Все-таки Аннелиза была себе на уме. Не исключаю, что зимой она могла сама себе купить букет. У Аннелизы было прекрасное настроение, и она начала напевать:
— Когда в Тироле дарят розы, то дарят чуточку себя….
Разумеется, мне знакома эта песня. Когда мы выходили из детского возраста, то вместе бегали на фильм «В Тироле дарят розы» и восторгались певцом Йоханнесом Хестерсом.
— А кто еще играл в том фильме? — поинтересовалась я. Память у Аннелизы была намного лучше моей. Из моей памяти, к сожалению, выпали имена известных актеров, и я не могу вспомнить их, даже когда вижу перед собой их лица.
— Марте Харелль, Ханс Мозер и Тео Линген! — выпалила она. — Боже, как бы я хотела опять посмотреть это старое кино! Интересно, современные зрители помрут со смеху или как мы тогда — останутся под сильным впечатлением?
Мне пришла в голову мысль попытаться раздобыть видеокассету. Кристиан должен знать, как это можно сделать.
Аннелиза снова принялась напевать песенку из кинофильма. У нее пока крепкий голос. В молодости она хотела стать опереточной певицей.
Мои мечты о профессии тоже не осуществились, потому что в прямом смысле слова были несколько оторваны от земли. В пятнадцать лет я хотела стать пилотом по примеру моего идеала Элли Бейнхорн, которая еще в 1928 году впервые села за штурвал самолета. Получив аттестат зрелости, я узнала, что с близорукостью об этой профессии можно забыть, а после войны девушек все равно охотнее обучали на стюардесс.
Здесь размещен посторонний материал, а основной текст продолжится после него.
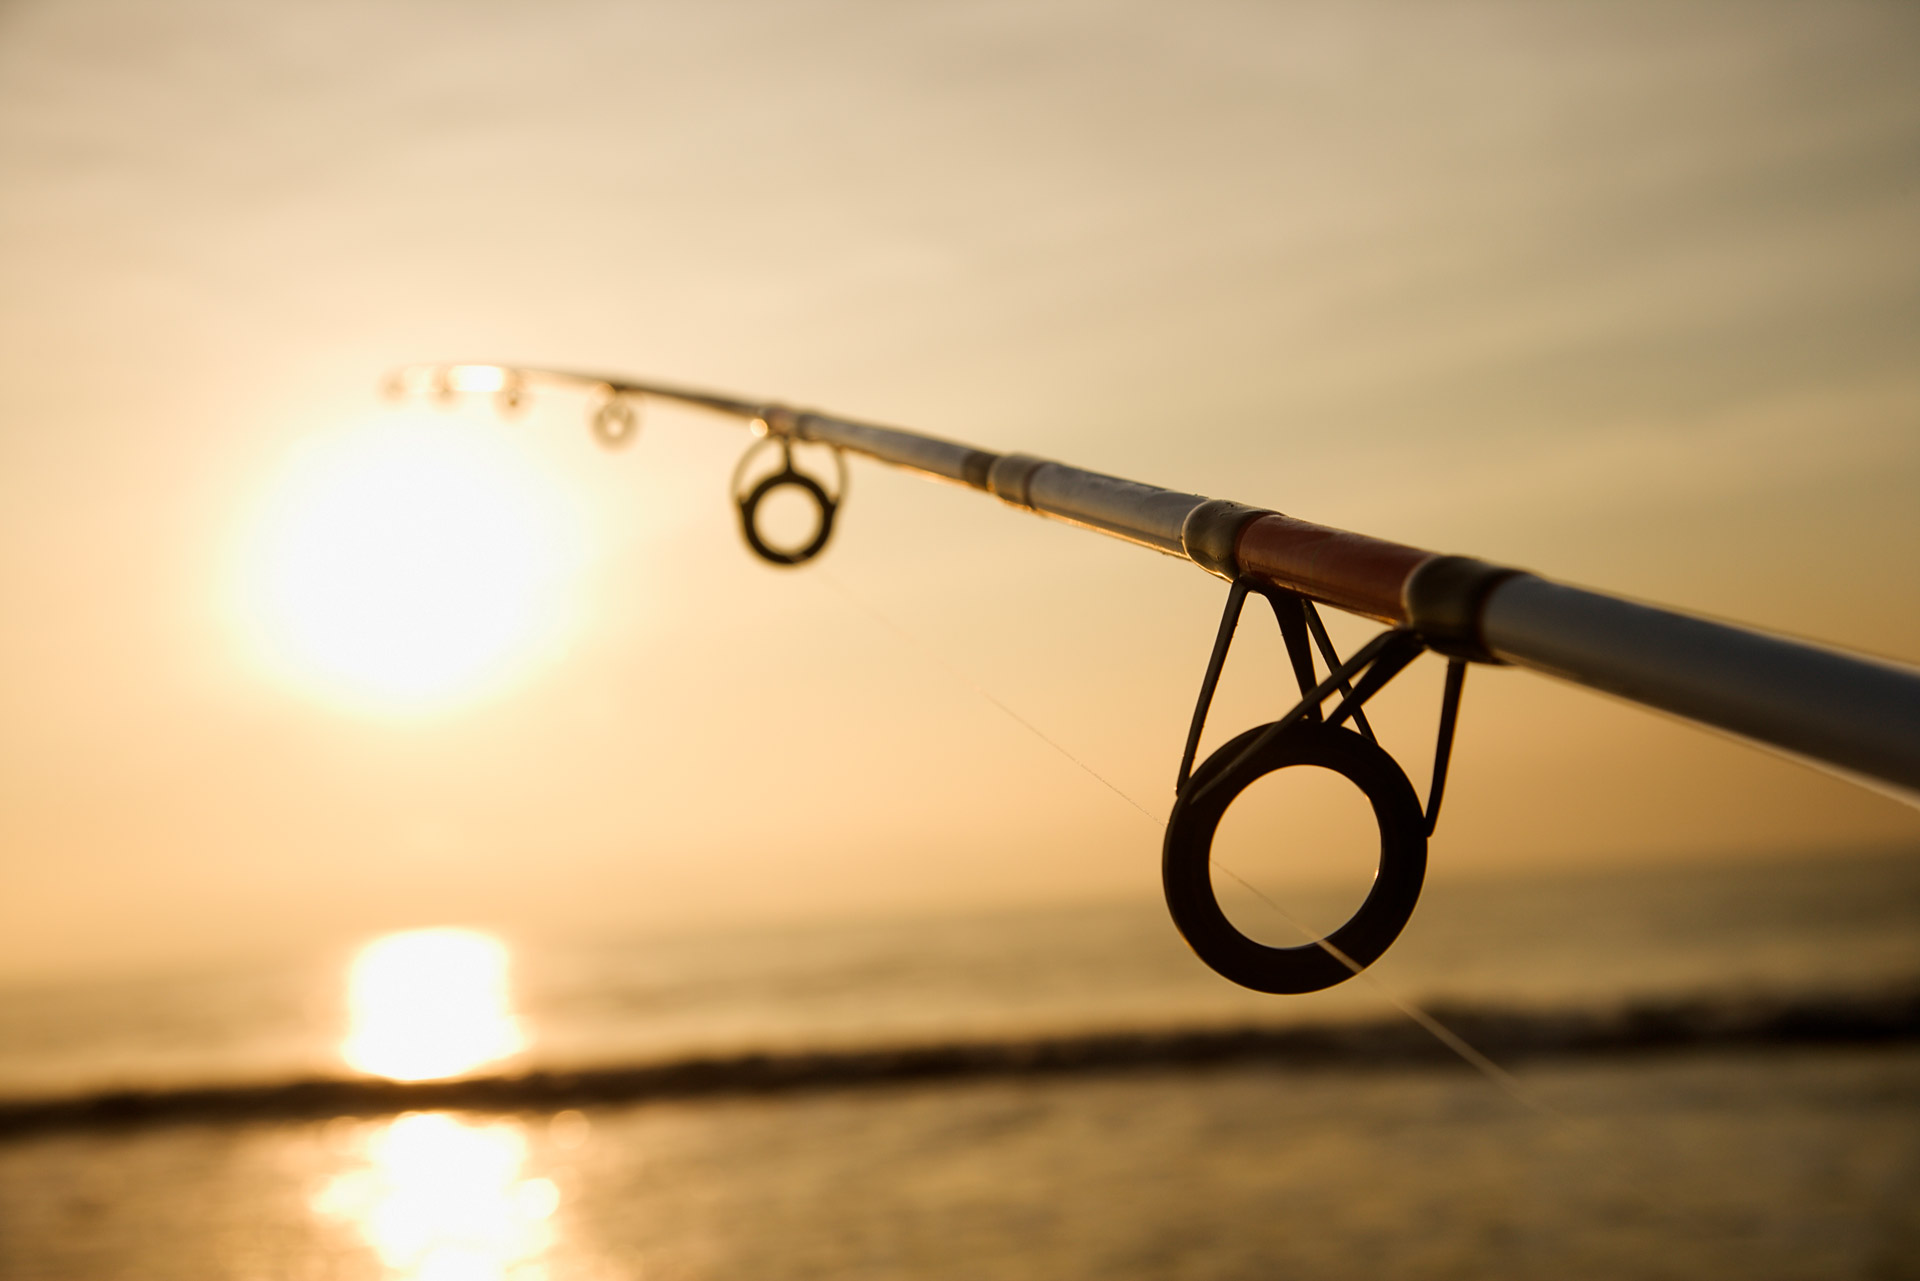 Fishing rod length and action in a sunset

— Ты хоть вспоминаешь иногда, что хотела стать звездой сцены? — спросила я. — И что став знаменитой певицей, ты надеялась обрести настоящее счастье?
Подруга недолго размышляла:
— Я давно перестала думать на эту тему. Кто знает, может, со временем я превратилась бы в депрессивную алкоголичку, ведь ты знаешь, что для большой карьеры мой голос слабоват. Нормально, что грандиозные планы рано или поздно уступают место прозе желудка, где и перевариваются благополучно, чтобы больше нас не тревожить.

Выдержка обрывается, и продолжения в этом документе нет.